Нельзя не отметить одной черты. В постановке Родзянко еще не существовало дилеммы в качестве категорического императива: говорилось лишь, что грозное требование отречения… становится определенным требованием199. На фронте сомнения были разрешены в пользу этого императива, ибо надлежало положить конец колебаниям – требовалась определенность. Можно допустить, что это произошло почти бессознательно для верховного командования: по крайней мере, Алексеев через несколько дней на представленной ему записи беседы английского ген. Вильямса с вдовствующей императрицей в Могилеве, где упоминалось, что Царь отрекся от престола по настояниям ген. Рузского, сделал пометку: «Вопрос этот в Петербурге был решен уже I/III, 2-го Милюков уже говорил об этом в своей речи».

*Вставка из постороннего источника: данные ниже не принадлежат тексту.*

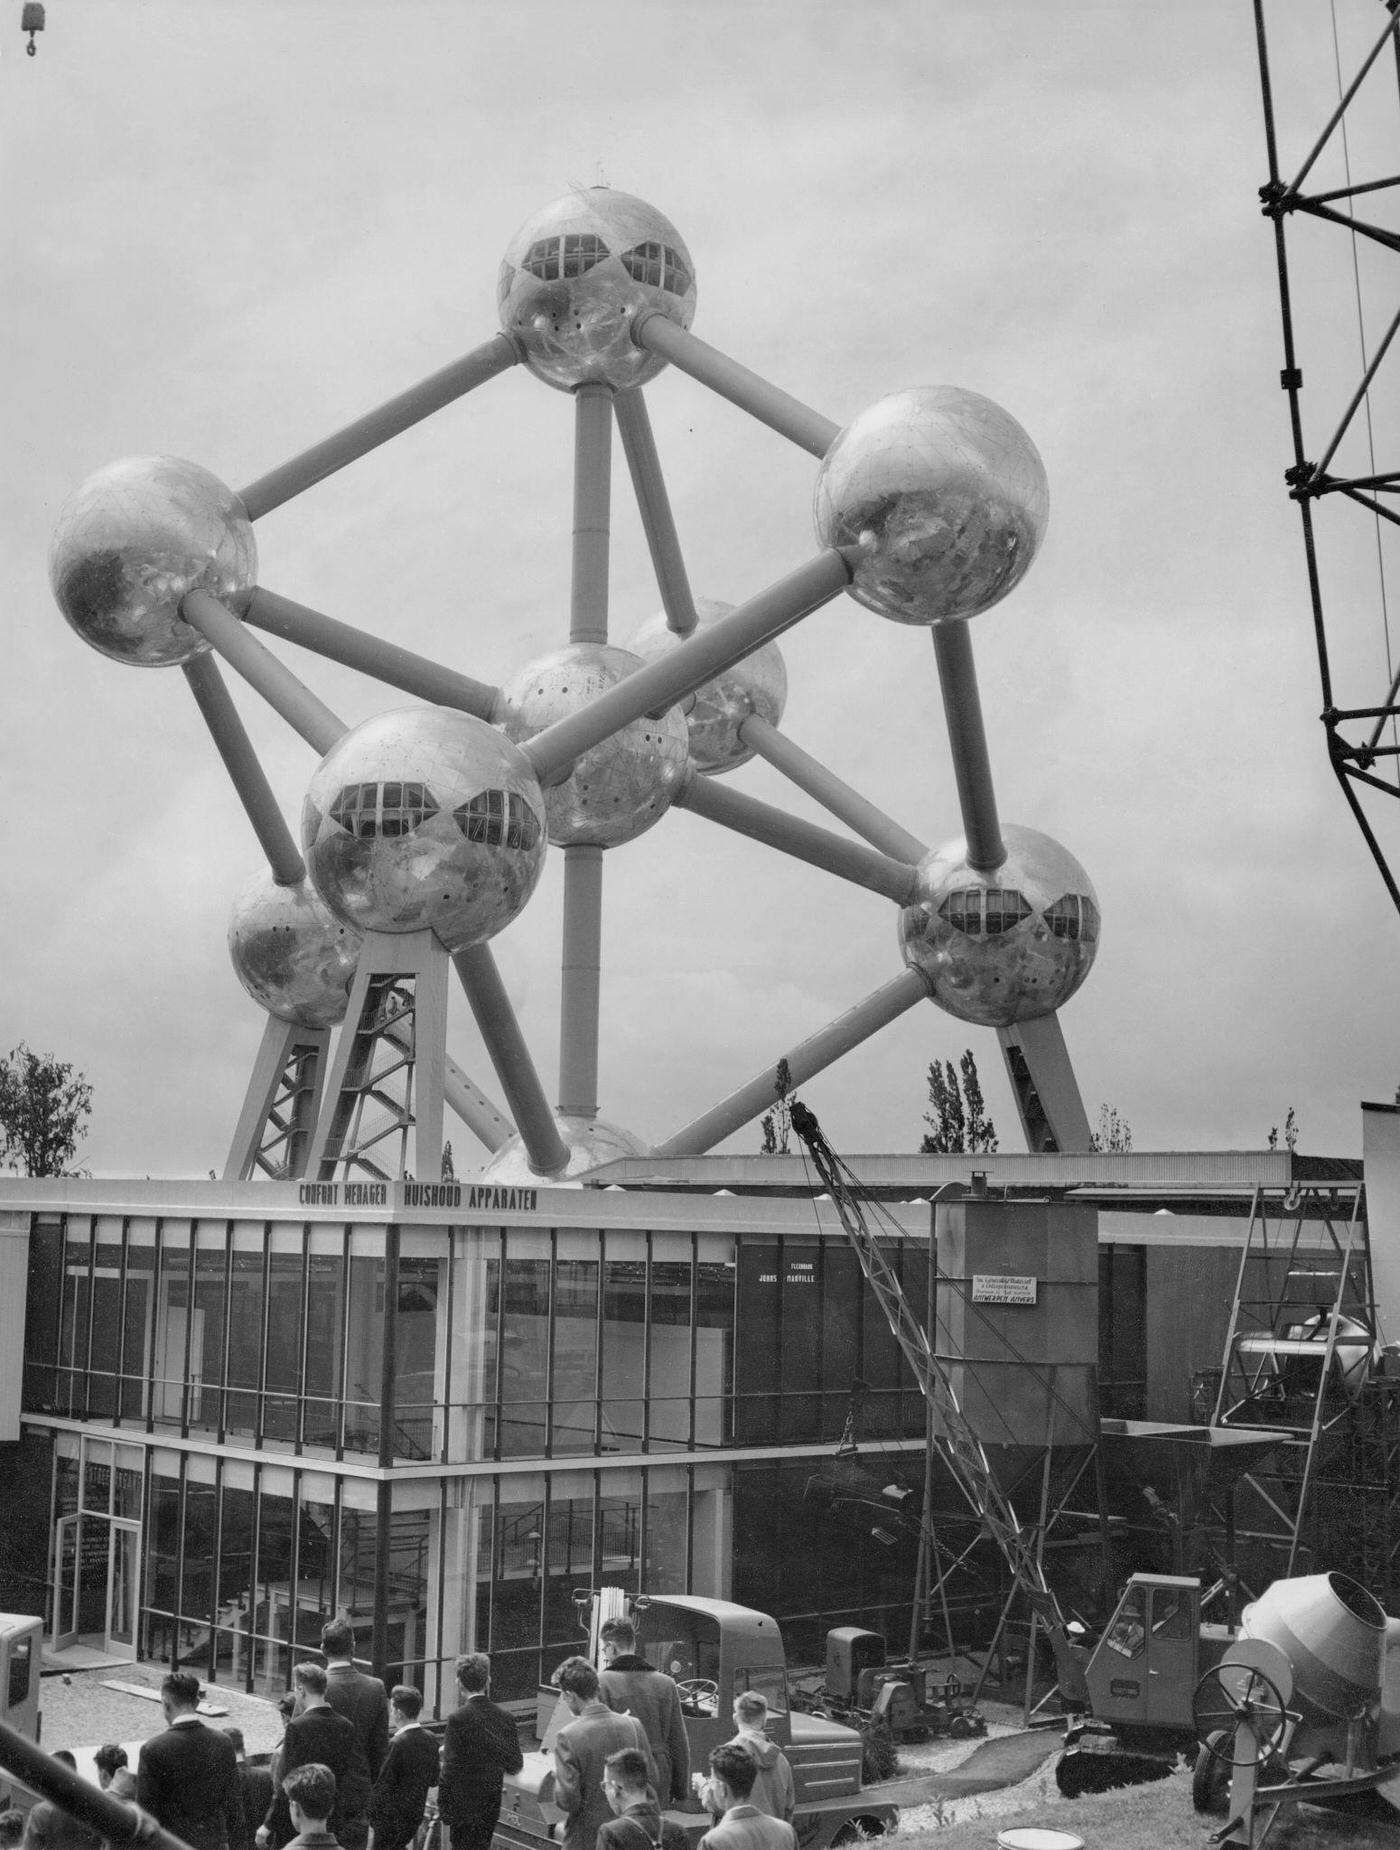 Atomium and Belgian Pavilion

В 91/2 час. утра Рузский делал доклад верховному повелителю. Запись Вильчковского, проводящего определенную тенденцию реабилитации Рузского в глазах эмигрантских монархистов и пытающегося всю инициативу отречения отнести за счет Алексеева (запись явно иногда не точная и спутывающая разные моменты), дает такие подробности: «Ген. Рузский спокойно, “стиснув зубы”, как он говорил, но страшно волнуясь в душе, положил перед Государем ленту своего разговора. Государь молча, внимательно все прочел. Встал с кресла и отошел к окну вагона… Наступили минуты ужасной тишины. Государь вернулся к столу… и стал говорить спокойно о возможности отречения. Он опять вспомнил, что его убеждение твердо, что он рожден для несчастья, что он приносит несчастье России; сказал, что он ясно сознавал вчера еще вечером, что никакой манифест не поможет. “Если надо, чтобы я отошел в сторону для блага России, я готов на это, – сказал Государь, – но я опасаюсь, что народ этого не поймет. Мне не простят старообрядцы, что я изменил своей клятве в день священного коронования; меня обвинят казаки, что я бросил фронт…” Рузский высказал еще свою надежду, что манифест все успокоит, и просил обождать совета и мнения ген. Алексеева, хотя не скрыл, что, судя по словам ген. Лукомского, видимо, в Ставке склоняются к мнению о необходимости отречения. В это время подали срочно дошедшую телеграмму Алексеева (циркулярную – обращение к главнокомандующим). Рузский, бледный, прочел вслух ее содержание. “Что же вы думаете, Н.В.?” – спросил Государь. – “Вопрос так важен и так ужасен, что я прошу разрешения В.В. обдумать эту депешу раньше, чем отвечать… посмотрим, что скажут главнокомандующие остальных фронтов. Тогда выяснится вся обстановка”. Государь… сказав: “Да, и мне надо подумать”, – отпустил его до завтрака».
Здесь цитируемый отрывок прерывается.